The coronavirus crisis will have an even bigger negative impact on the global economy than initially thought, the IMF said on Wednesday, warning that government deficits were set to soar as a result.
The global economy will shrink by 4.9 per cent in 2020, the IMF said, a downward revision of 1.9 percentage points from its last forecasts in April.
The crisis has so far cost governments around the world more than $10tn in lost revenues and support measures such as additional spending, business loans and guarantees, the fund estimated. As a consequence global public debt is expected to hit a record 101 per cent of gross domestic product this year, up 19 percentage points year on year, it warned.
The global economy is experiencing “a large adverse aggregate demand shock from social distancing and lockdowns, as well as a rise in precautionary savings”, the IMF said. In addition, the fund noted that “investment is expected to be subdued as firms defer capital expenditures amid high uncertainty”.
By the end of next year global GDP is set to be 6.5 percentage points smaller than it was at the start of 2020, the fund said.
In April the IMF said 2020 would be the worst global economic contraction since the Great Depression of the 1930s, and estimated that advanced economies’ GDP would be left 5 percentage points lower than pre-coronavirus forecasts, even after a sharp recovery in 2021.
Advanced economies — notably the US and European countries — will bear the brunt of the damage. They are expected to shrink by 8 per cent this year, a steeper contraction than the 6 per cent estimated by the fund in April. Emerging economies will shrink by 3 per cent — far more than the 1 per cent contraction it forecast in April.
The biggest downgrade was for France, which is expected to shrink by 12.5 per cent this year — over 5 percentage points more than forecast in April — closely followed by Spain, with a 4.8 percentage point downgrade taking its forecast contraction to 12.8 per cent.
The US will take the biggest hit to its budget; it will run a deficit of nearly 24 per cent of GDP this year, the IMF said.
“Elevated debt levels . . . could constrain the scope of further fiscal support — and will pose an important medium-term challenge for many countries,” the IMF warned.
The deterioration in the IMF forecasts was driven by its expectation that there would be a more gradual recovery in the second half of this year than it had previously expected, and because voluntary social distancing before lockdowns were imposed has dealt a greater blow to economic activity than previously thought, as fears of catching coronavirus lead people to be cautious.
The IMF called for greater international collaboration to tackle the virus and its economic consequences, and warned the recession would have a long-lasting effect on global output.
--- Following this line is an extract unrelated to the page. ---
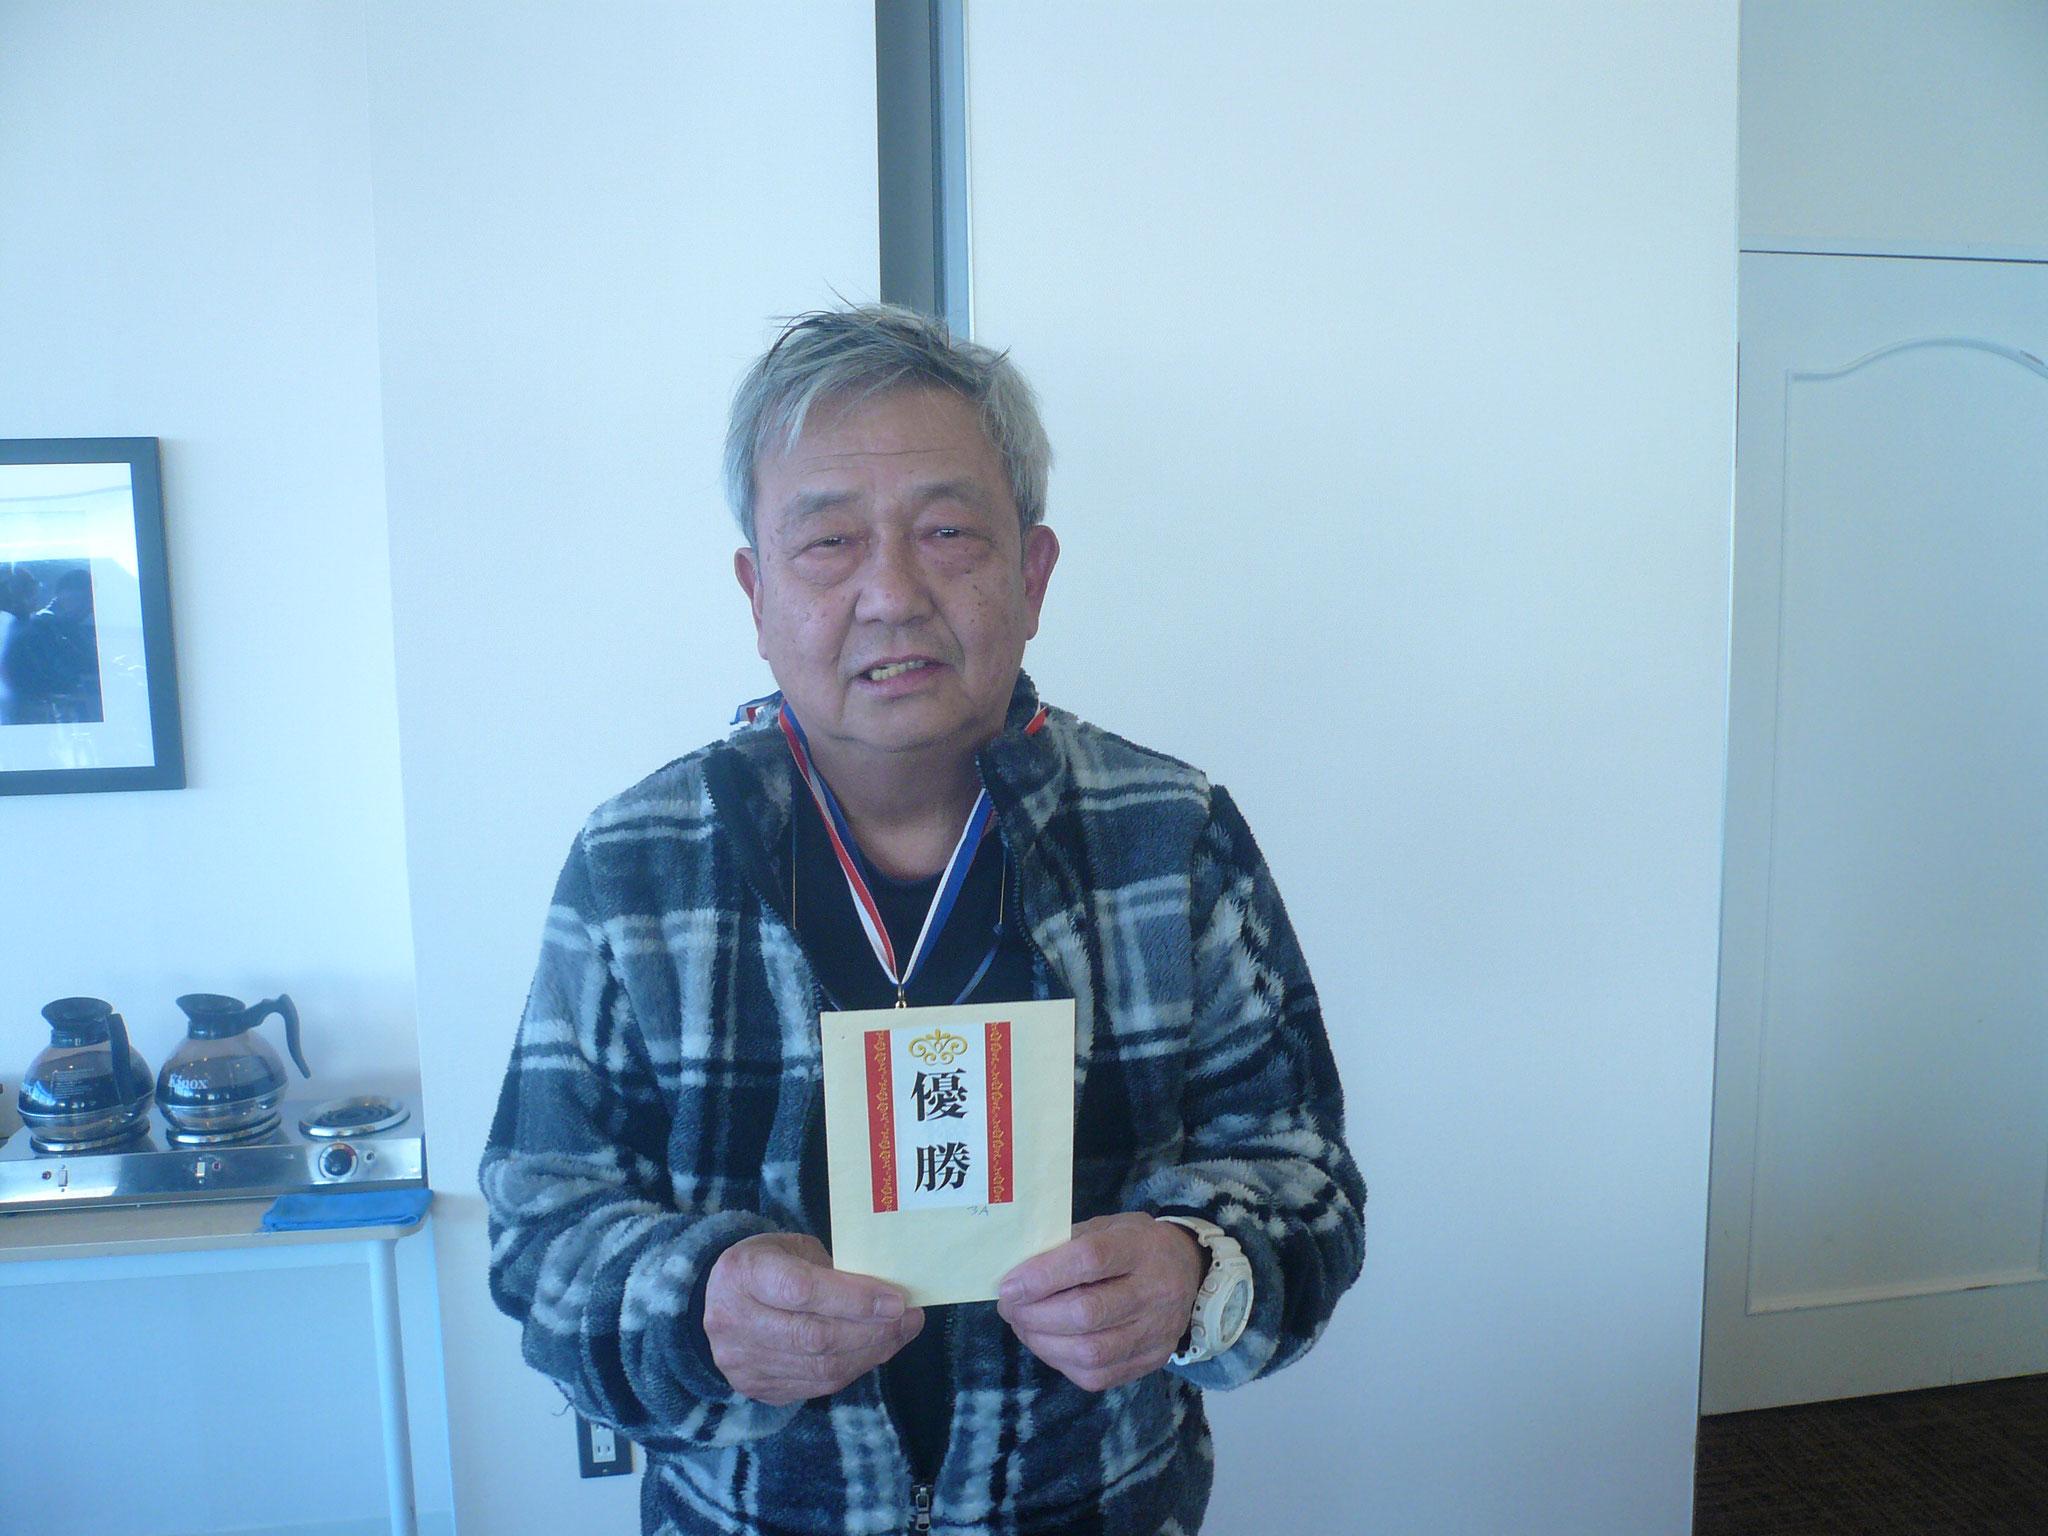 優勝柿沢さんおめでとうございます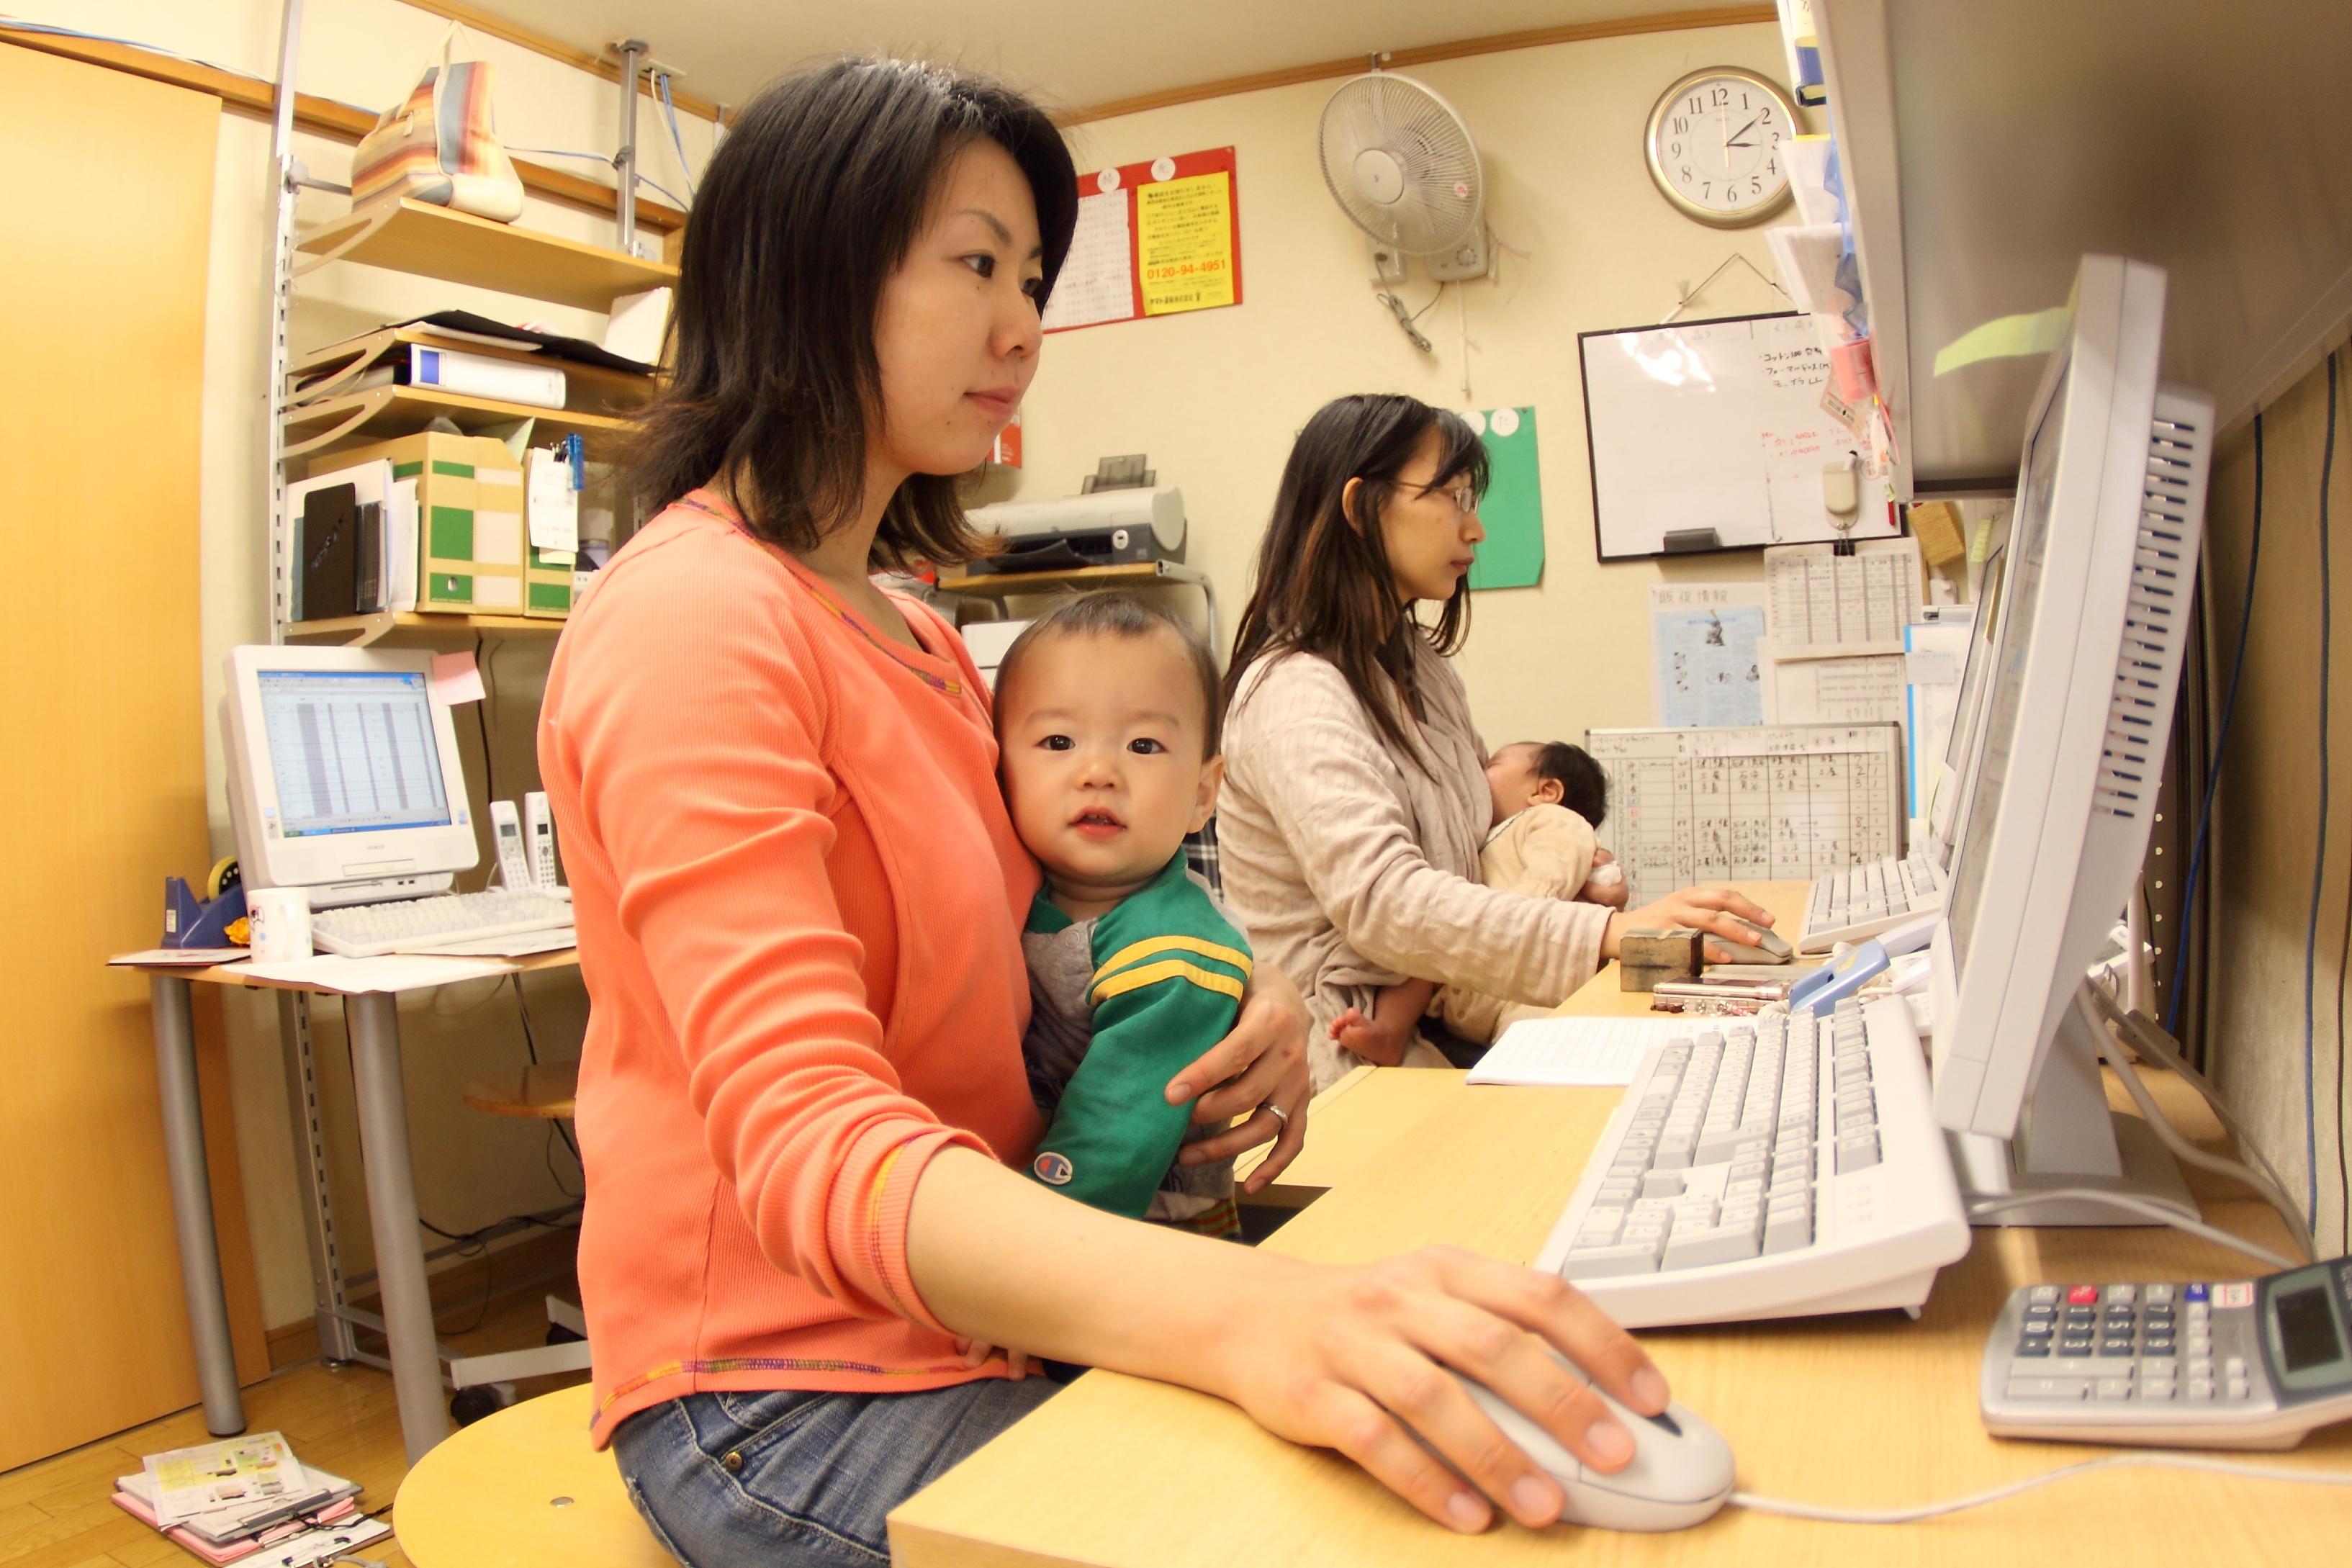 【講演会当日の動画をUPしました!】ここからうまれるイノベーション連続セッション「子連れ出勤」という就業スタイル~キャリアを活かす事業戦略を考える」

Although it expects a sharp recovery in 2021, most economies will fail to regain their pre-crisis output levels.
Advanced economies will grow by 4.8 per cent in 2021, the IMF said, but that would leave their GDP about 4 per cent below its 2019 level. Emerging economies are expected to perform better, expanding by 5.9 per cent in 2021, which would leave output slightly below its 2019 level.
However the IMF forecast remains more optimistic than that of the OECD, which said earlier this month that the global economy was likely to contract by 12 per cent in the first half of 2020 and by the end of 2021 it would still be below the level it reached at the start of 2020.
The fund warned on Wednesday that the impact on low-income households would be particularly severe, “imperilling the significant progress made” in reducing extreme poverty since the 1990s. The fraction of the world’s population living on less than $1.90 a day has fallen below 10 per cent in recent years, from 35 per cent in 1990, but the contraction in developing economies is likely to increase global inequality, the IMF said.